And against critical legal scholars, Dagan and Dorfman put forward two claims: first, that private law most decidedly exists, as does the private sphere it protects and regulates; and second, that private law’s existence is a good thing. Private law has distinctive positive value that merits attention and care—it promotes relational justice. 31 See id. at 1409–10, 1428. If we lose it, we will lose the guardian protector of justice in our relational lives. 32 See id. at 1410. The claims that private law exists and that it does so in order to promote relational justice in our private lives are not simply the result of either mistaken understanding or a more malign masking of private power. 33 See id. at 1408. We need to understand private law for what it is, as well as for what it could and should be, because of the distinctive values it protects and the forms of private justice it promotes. 34 See id. at 1403–05.
II. Relational Justice and the Obligations of Contract
In The Great Gatsby, Tom Buchanan says to Wilson: “I won’t sell you the car at all . . . . I’m under no obligations to you at all.” 35 F. Scott Fitzgerald, The Great Gatsby 90 (Matthew J. Bruccoli ed., Cambridge Univ. Press 1991) (1922). Dagan and Dorfman do not discuss The Great Gatsby. Nevertheless, their central intuition can be applied to this quintessential American novel: Tom Buchanan was wrong in the novel’s pivotal conversation to disavow all obligations to Wilson on the grounds of a lack of contractual privity between the two of them.

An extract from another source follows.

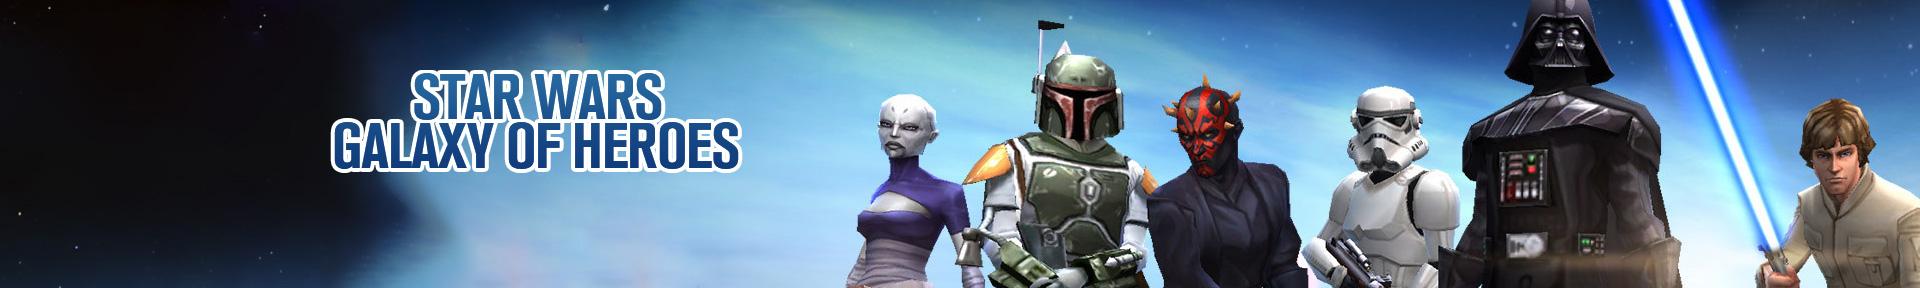 Star Wars Galaxy Of Heroes Crystals
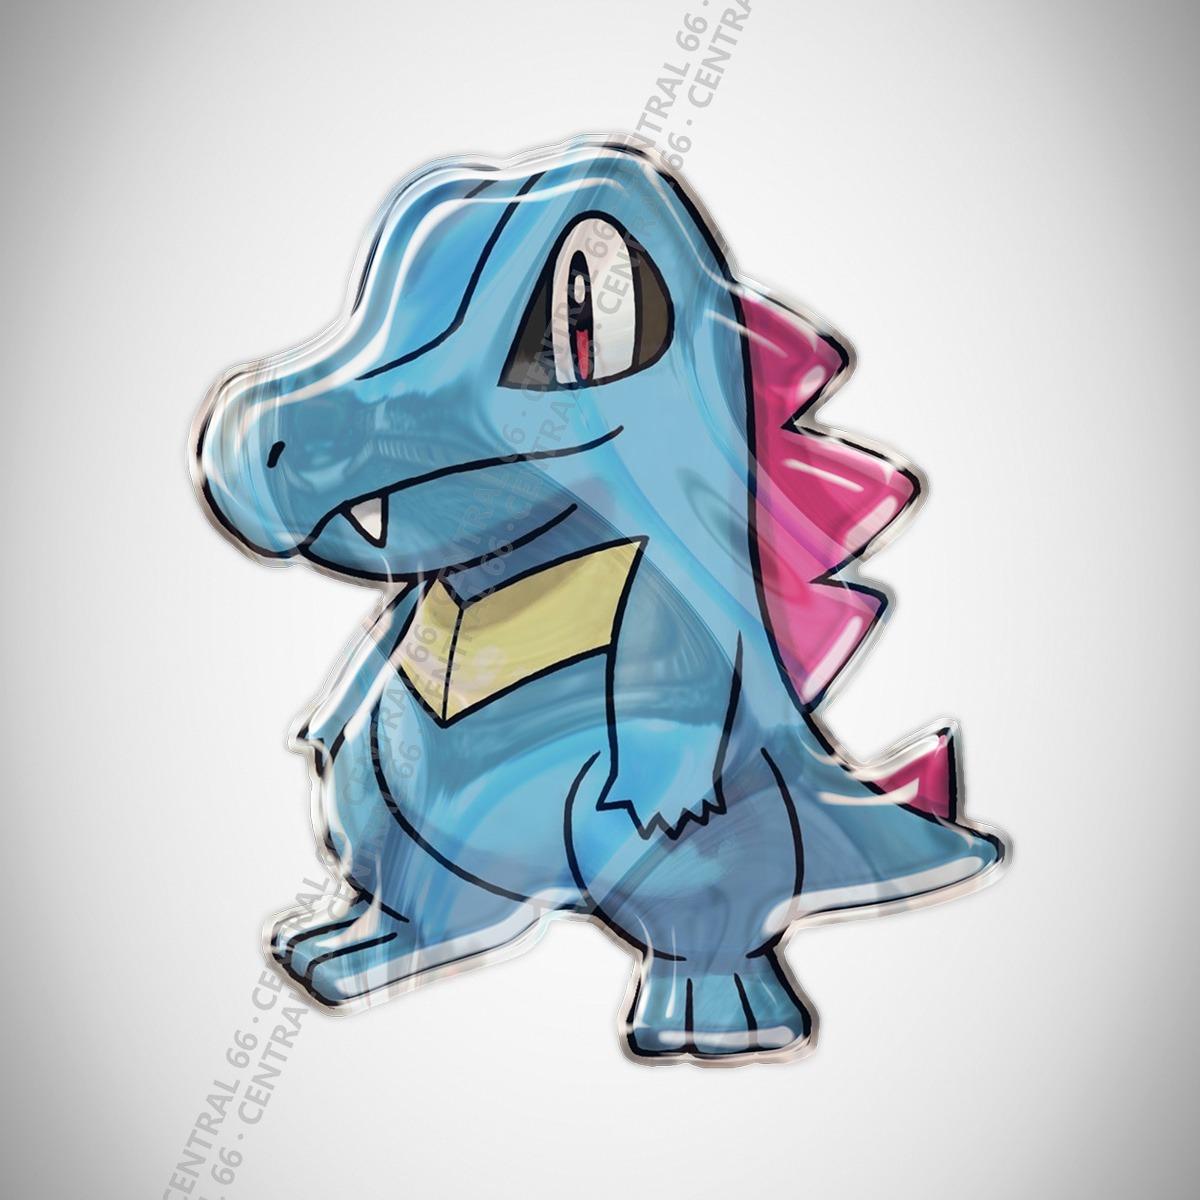 Adesivo Desenho Pokemon Totodile Resinado R 29 90 Em Mercado Livre

Our private relationships, Dagan and Dorfman argue, and particularly those that arise from our commercial lives, impose upon us a duty of “relational justice.” Relational justice should inform, guide, and restrain our relationships with each other. 36 See Dagan & Dorfman, supra note 1, at 1421–22. Relational justice, in turn, requires of us that we respect the substantive equality and the capacity for individual self-determination in our dealings with each other. 37 See id. at 1423. That, in turn, sometimes (though admittedly not always) requires a sensitivity to the context and the particular vulnerabilities of the others with whom we deal. 38 See id. at 1433–34. A respect for the formal equality of all contractors, or for all potential tort victims, and an equally formal commitment to state detachment, are woefully inadequate to those ends. 39 See id. at 1435.
Private law, in turn, reflects and enforces these obligations, albeit imperfectly, and provides remedies for their most egregious breach. Contract law imposes upon us a wide array of obligations to treat justly those with whom we contract, as well as those with whom we may contract. 40 See id. at 1430. Tort law imposes an obligation to treat justly those strangers or others with whom we come into incidental contact, including primarily an obligation to avoid accidental harm. 41 See id. at 1431. Often that obligation is fulfilled through respecting the formal equality of each contractor or individual tort victim: I need not consider the individual circumstances of the buyer of my home or car when setting my asking price, and I need not consider the individual limitations or capacities of every stranger when fulfilling my obligation to proceed nonnegligently down my neighborhood streets in my automobile. 42 See id. at 1421–22. Thus, formal equality toward my contractual partners and a formal commitment to liberty that is unburdened by attention to the individuating circumstances of those I might accidentally harm is typically sufficient to ensure that I am behaving justly in my relational life. 43 See id. at 1438. Consensual contracts, after all, do for the most part leave both parties better off, and obligations of due care defined generally, rather than individually, do for the most part keep all of us out of harm’s way while allowing us to pursue our own projects. 44 See id. at 1404.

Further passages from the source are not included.